BIG PHARMA'S DISMAL DEVELOPMENT FORECAST IS HARDLY a secret. Drugs worth some $20 billion are going off patent in 2006, and most observers see too few drug candidates emerging
to replace them. In the face of new generic competition, says Barbara Ryan, pharmaceuticals analyst at Deutsche Bank, "US-based
companies don't really appear to have enough new drug candidates coming on-stream to allow these companies to grow."

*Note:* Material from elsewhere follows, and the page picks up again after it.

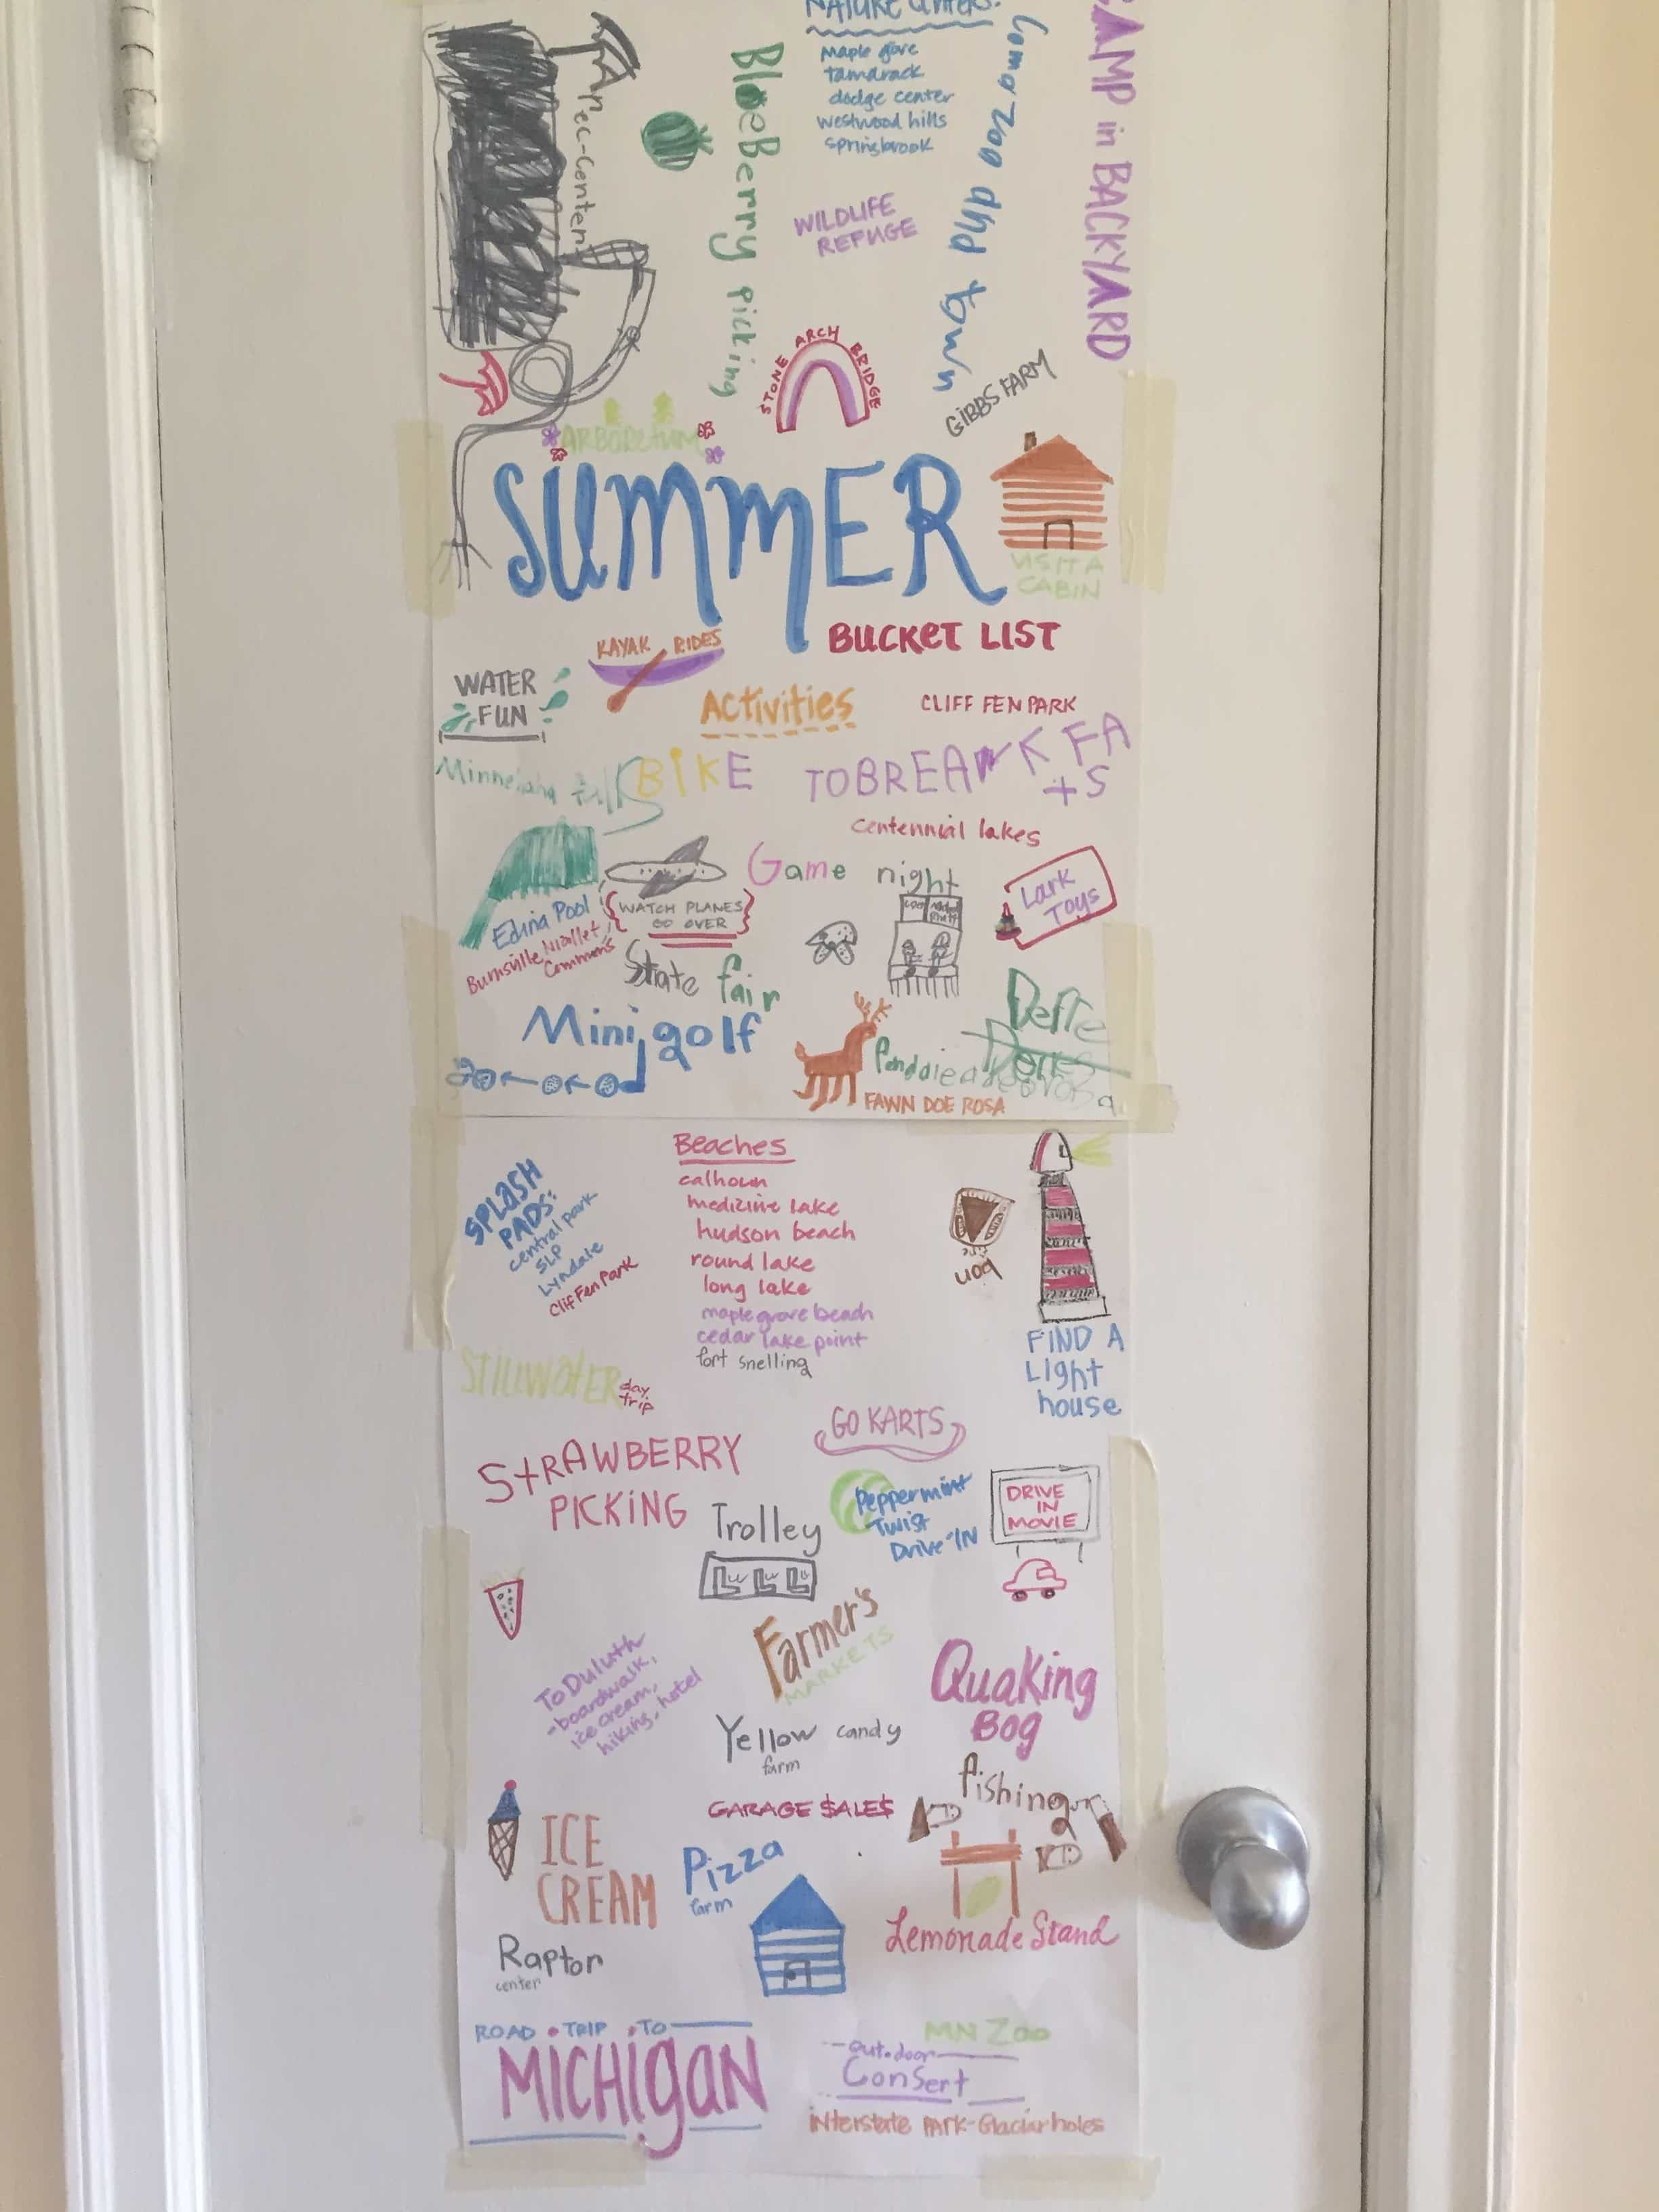 25 Summer Bucket List Items For Minnesota Kids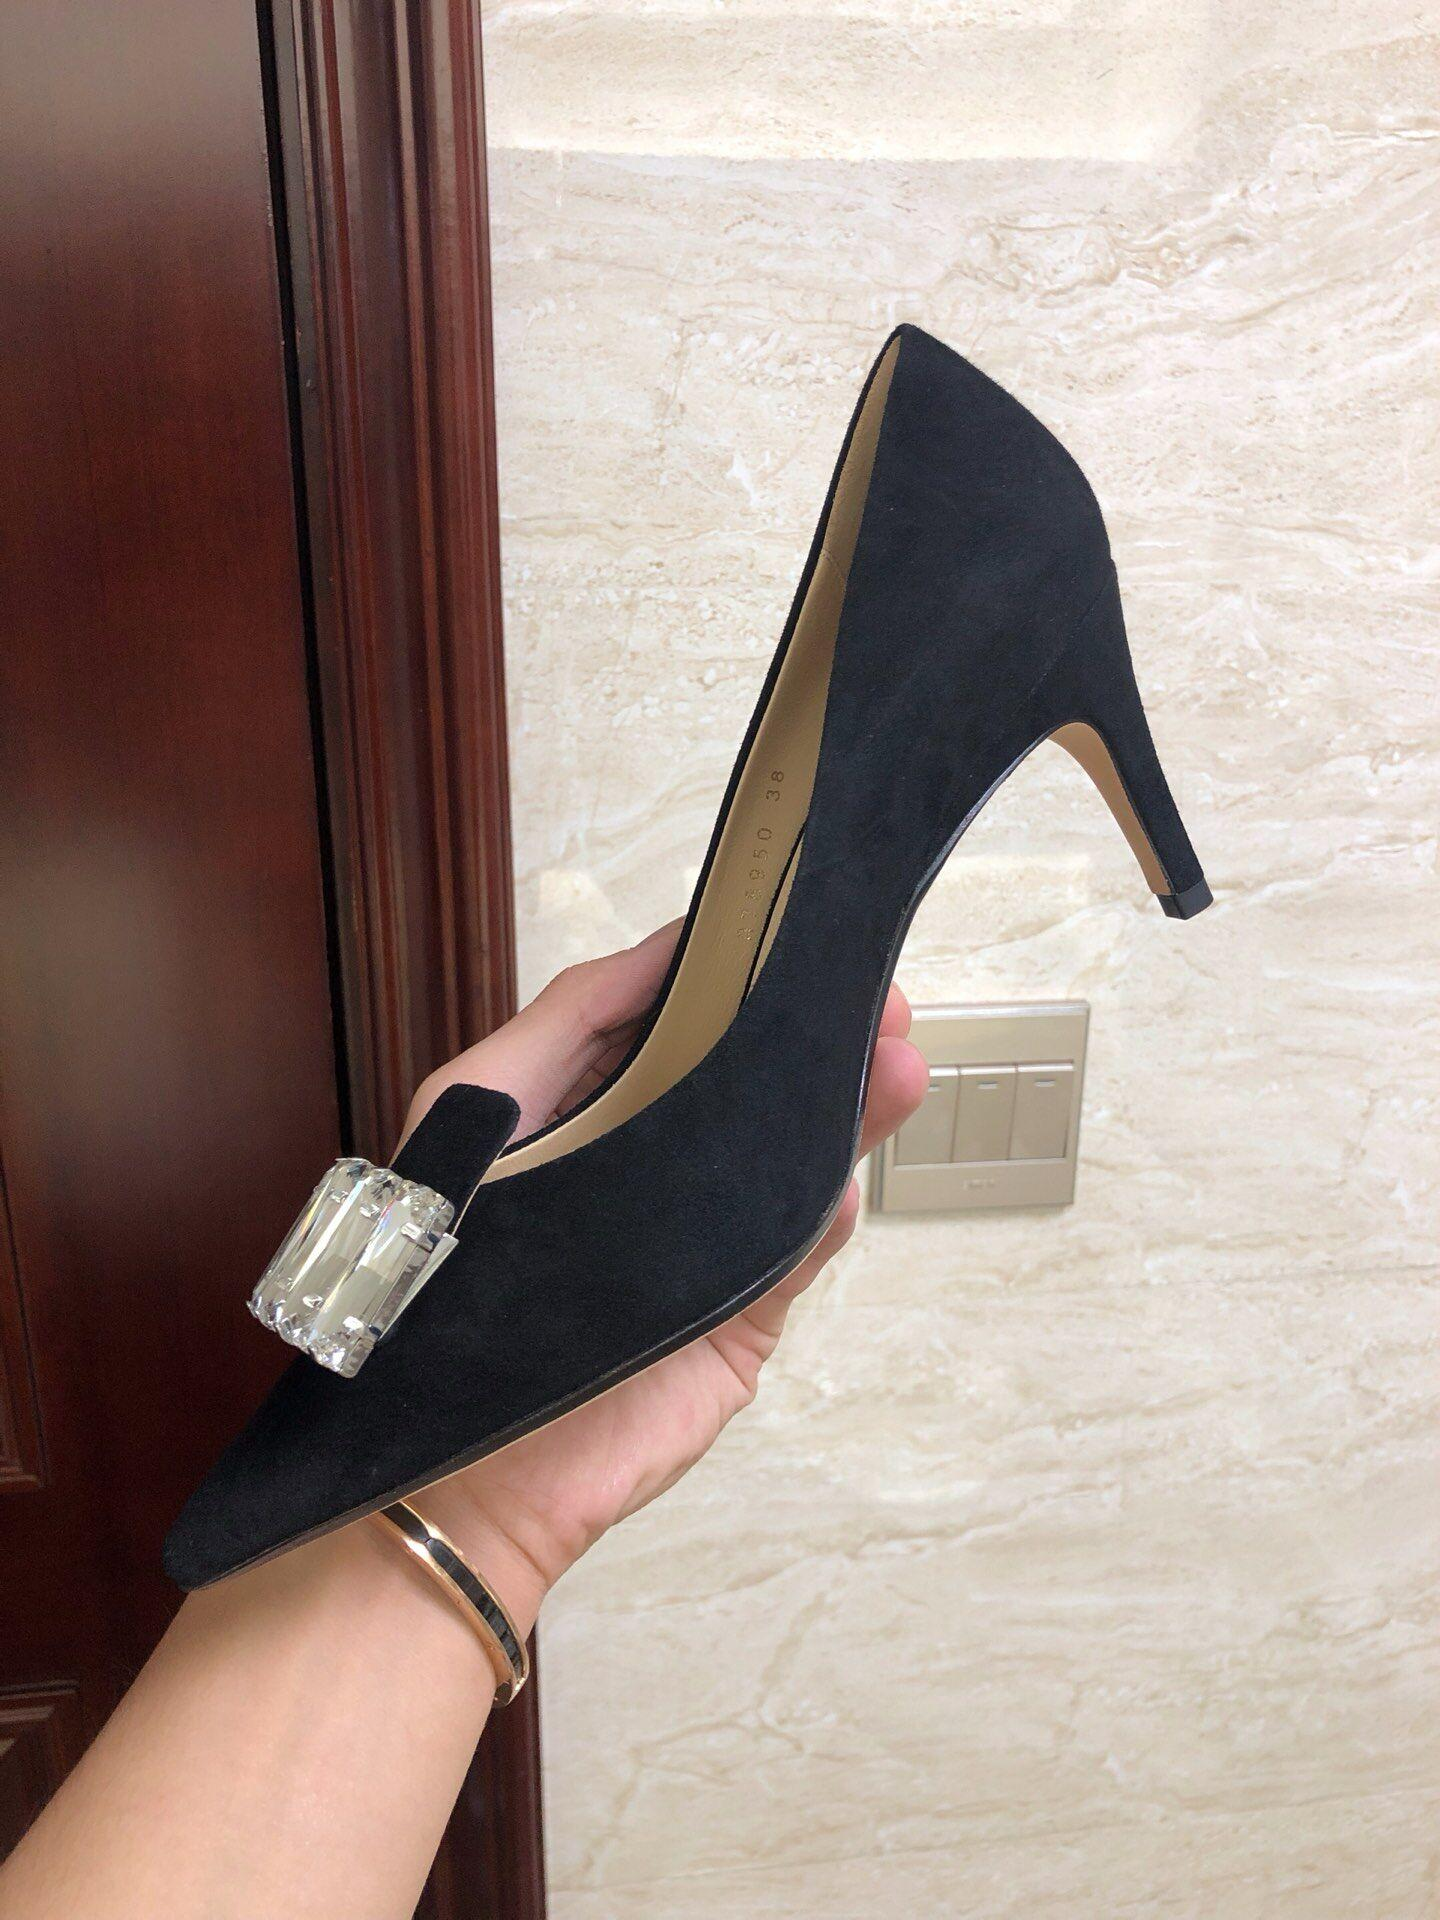 Sergio Rossi pump black heels Sergio Rossi shoes  6

In vivo animal imaging is one of many technologies Gene Logic uses to discover how drug candidates react in different biological
What companies do have is an enormous backlog of stalled drug compounds, or "dead drugs," as they are sometimes called. Nine
of 10 drugs that enter human trials are "discontinued," as the industry delicately puts it, sometimes for safety reasons,
but often after they fail to reach just one or two crucial clinical endpoints. Uncounted thousands of such compounds have
been shelved at pharmaceutical companies large and small. Most never return to the clinic.
Companies that are willing to talk about these drugs at all say they would love to repurpose them—to look for new clinical
targets, or even to chemically modify compounds in order to reduce safety hazards or increase efficacy. But, to judge by company
practices, most drug developers see shelving inactive drug candidates as a solid business decision. Ignoring the once promising
compounds frees up R&D resources for drugs that are still in the pipeline.
At Gene Logic—a Gaithersburg, Maryland company best known for its fee-for-service toxicogenomics screening services and drug
analyses using human-tissue databases—these discontinued drugs spell opportunity. Not only are they the foundation of a new
business unit at Gene Logic, such failed compounds may become the cornerstone of a new approach to R&D as the industry confronts
its latest productivity crisis. Most discontinued compounds are dumped after failing tests for a single indication. Such quick
clinical exits might have made sense when chemistry ruled drug development, and repurposing a drug would have meant adding
or removing a crucial chemical group on the molecule. But shelving candidates early is a poor drug-development strategy in
the biological age, Gene Logic contends. Instead of modifying stalled compounds, the company systematically tests them for
activity against hundreds of different diseases. And if they get a "hit," the stalled compound could be headed back to clinical
trials within a year.
"We let the compound tell us what it is," says Mark Gessler, Gene Logic's CEO. "If the compound is active, we can find out
what it does." Using genomics and other technologies, scientists at Gene Logic have developed a battery of tests to check
the activity of compounds against bio-markers and gene targets for more than 400 diseases. No molecule is chemically altered
to increase its chances of hitting a therapeutic target—whether the clinical trial's original one or a new one. No drug is
re-engineered. Instead, the company seeks to discover, with systematic biological screens and assays, how—if at all—a drug
interacts with a broad range of biological systems. At Gene Logic, this is known as "interrogating" a compound. Literally
asking it how it reacts biologically.
The idea is to do systematically in the laboratory for many compounds what happens serendipitously during clinical trials
and practice for a few. Viagra (sildenafil), Botox (botulinum), and even thalidomide, for instance, have become successful
drugs when they proved effective for indications their creators did not anticipate. Why shouldn't unanticipated applications
rescue compounds that never made it out of the clinic?